Where is some tissue I have to dry my eyes.


----------



## Roto-Rooter

cable or root said:


> 75'? Omg I'd quit. I hate adding cable. I carry 155' of 3/4 on my 1065 and I still have to add cable 3-4 times a week! I would not carry any less than 125' on a mainline machine(what I started out with at roto on the blue version of the dm30(was it a roto rooter 6100?) I'd say 80% of the sewers out here are AT LEAST 75'. Either price would sky rocket or my commission would go up another 15%. Sorry but eff that. Of course if 90%+ sewers were less than 75' that would be golden. Easy money.


I agree with Cable. I carry 130' on 3 reels and 100' on 1. I have had 390' out to clean a couple. Here they don't care how far they run. C/O's years ago were never thought of and this is an old town.


----------



## 760GWS

Roto-Rooter said:


> I agree with Cable. I carry 130' on 3 reels and 100' on 1. I have had 390' out to clean a couple. Here they don't care how far they run. C/O's years ago were never thought of and this is an old town.
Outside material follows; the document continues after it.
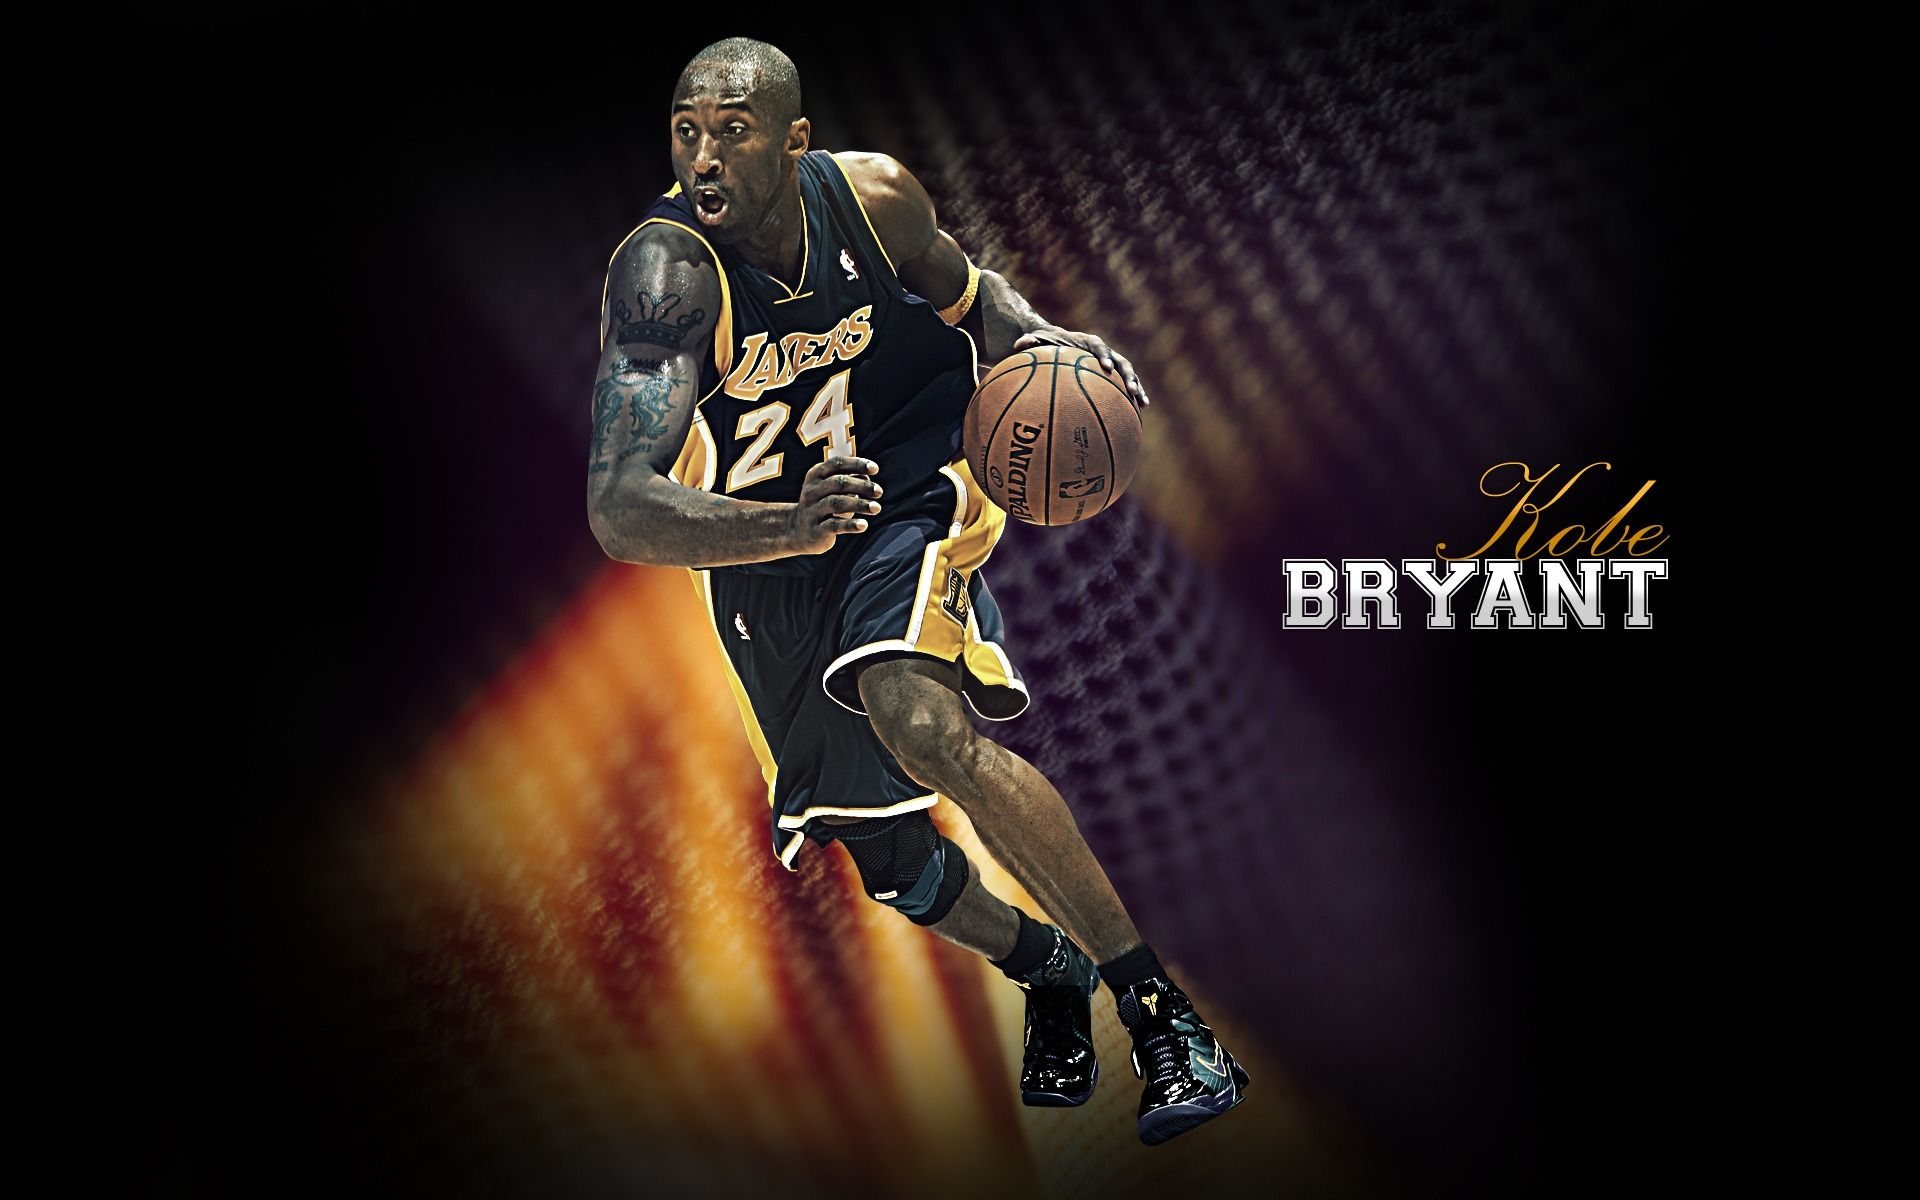 Kobe Bryant Wallpapers 2015 1920x1200

When that "old town" was built probably nobody ever dreamed there would be so-called flushable wipes or tampons going into the sewers, or even orthodontic retainers, latex contraceptives, plastic shopping bags, class 1 narcotics, etc. Bless the plumbers who plan & build in accessible, ground level, upstream & downstream cleanouts for the potential future guy.


----------



## justme

Anything over 300' I'm using my jetter or they're paying for new cleanout installs. Cables tend to break past that point. I have a 1065 that handles 300' but I wont go past that.


----------



## Redwood

justme said:


> Anything over 300' I'm using my jetter or they're paying for new cleanout installs. Cables tend to break past that point. I have a 1065 that handles 300' but I wont go past that.


I'll draw the line at 200' and it's a jetter after that...


----------